His last heard words were, "I can't breathe!" Since then, thousands of protestors have taken to the streets of major US cities over Floyd's death, resisting appeals by mayors, strict curfews and other measures meant to curtail them.
Joe Biden who stands a chance to be the next U.S. president come January made a speech addressing the protests and riots roiling the nation on what America truly stands for and rightly admonished, "There's no place for violence" as opposed to President Donald Trump's speech that made only a passing reference to the outrage at Floyd's death.
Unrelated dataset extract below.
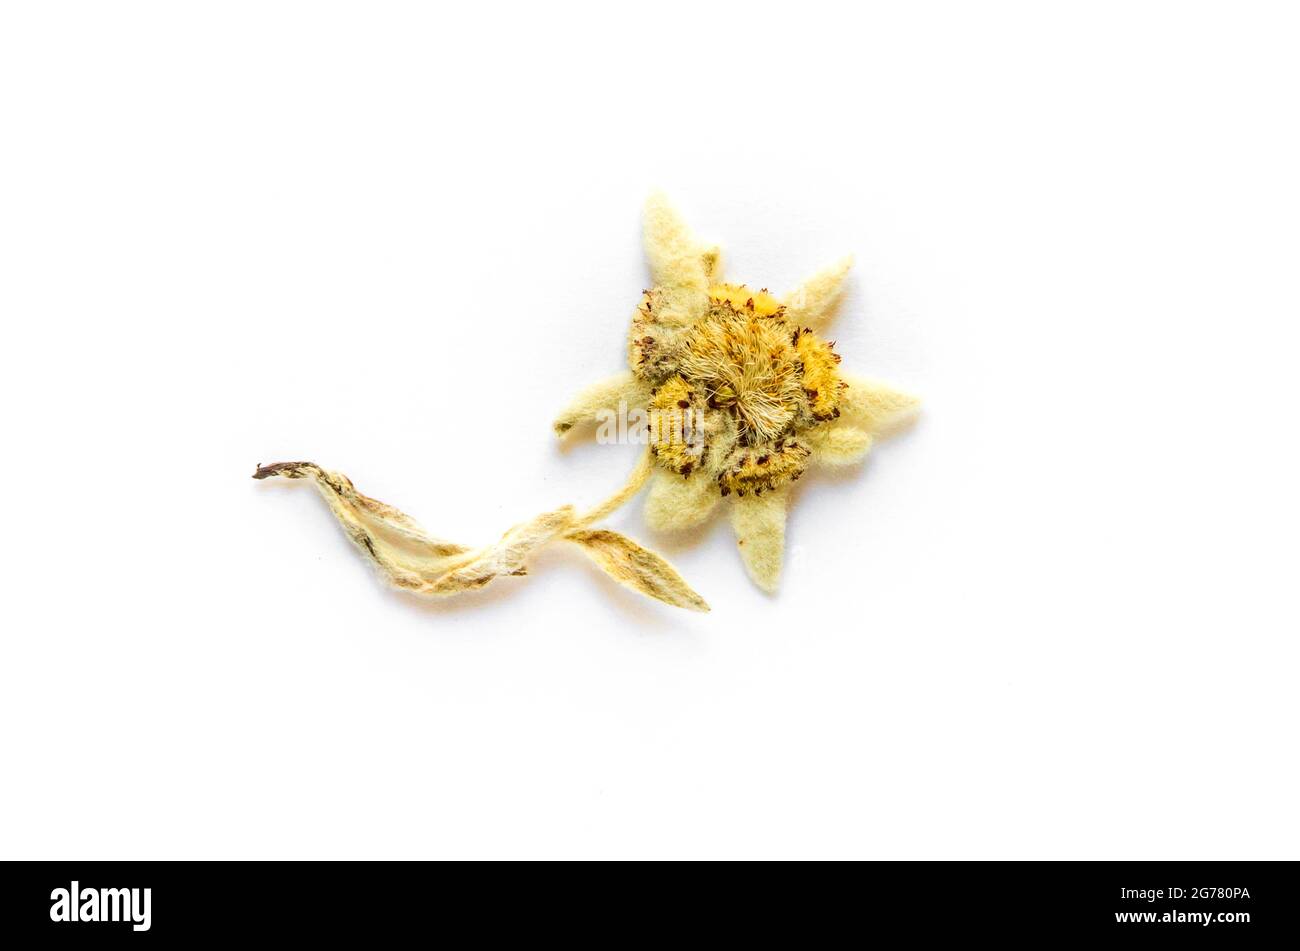 Dried Edelweiss flower isolated on white background. Stock Photo

Although for years to come, leaders and their administrations will be judged for the effectiveness of their actions taken to address threats and get their countries steering forward again, pandemics and crises provoke extreme responses.
Yet another Great Depression?
The depression of 2008-9 produced both Barack Obama's infamous Tea Party, founded amid the upsurge of populist anger over government bailouts of failing banks, insurers and auto companies following the economic meltdown. Then again, who can forget the grand depression of 1929 and the birth of Franklin D Roosevelt and Adolf Hitler? I am not saying, we are such a junction at the moment, but, one thing is certain, the world is being drastically reshaped – politically, economically, socially.
Deadly wildfires, hurricanes, extreme weather events, and climate-influenced migration and hunger in many parts of the world are now regular occurrences. Ice caps are melting, sea levels are rising, and the very survival of island nations is being threatened. Borders may be sealed and security reinforced, but, when uncertain times befall us and threaten our very existence, strangers also become friends.
6 months into 2020 and the war that is ensuing between man and nature is far from over. The pandemic has blown out of proportion, the global economy is in shambles and we are living in a historic moment.
Today, you and I stand together. We need to pull together, support one another, and in this enduring fight against a common foe, we need to keep our prejudices aside and fight together.
I leave you to introspect and think that today in the face of an unseen foe, a virus that is not even visible to the common eye, where does capitalism, socialism, and fundamentalism stand? At times such as this, aren't we left to question, if prodigious discourses from social thinkers, economists and futurists even matter?
Think, think carefully, what kind of a world would you want to leave behind for your children and grandchildren, the key to our future?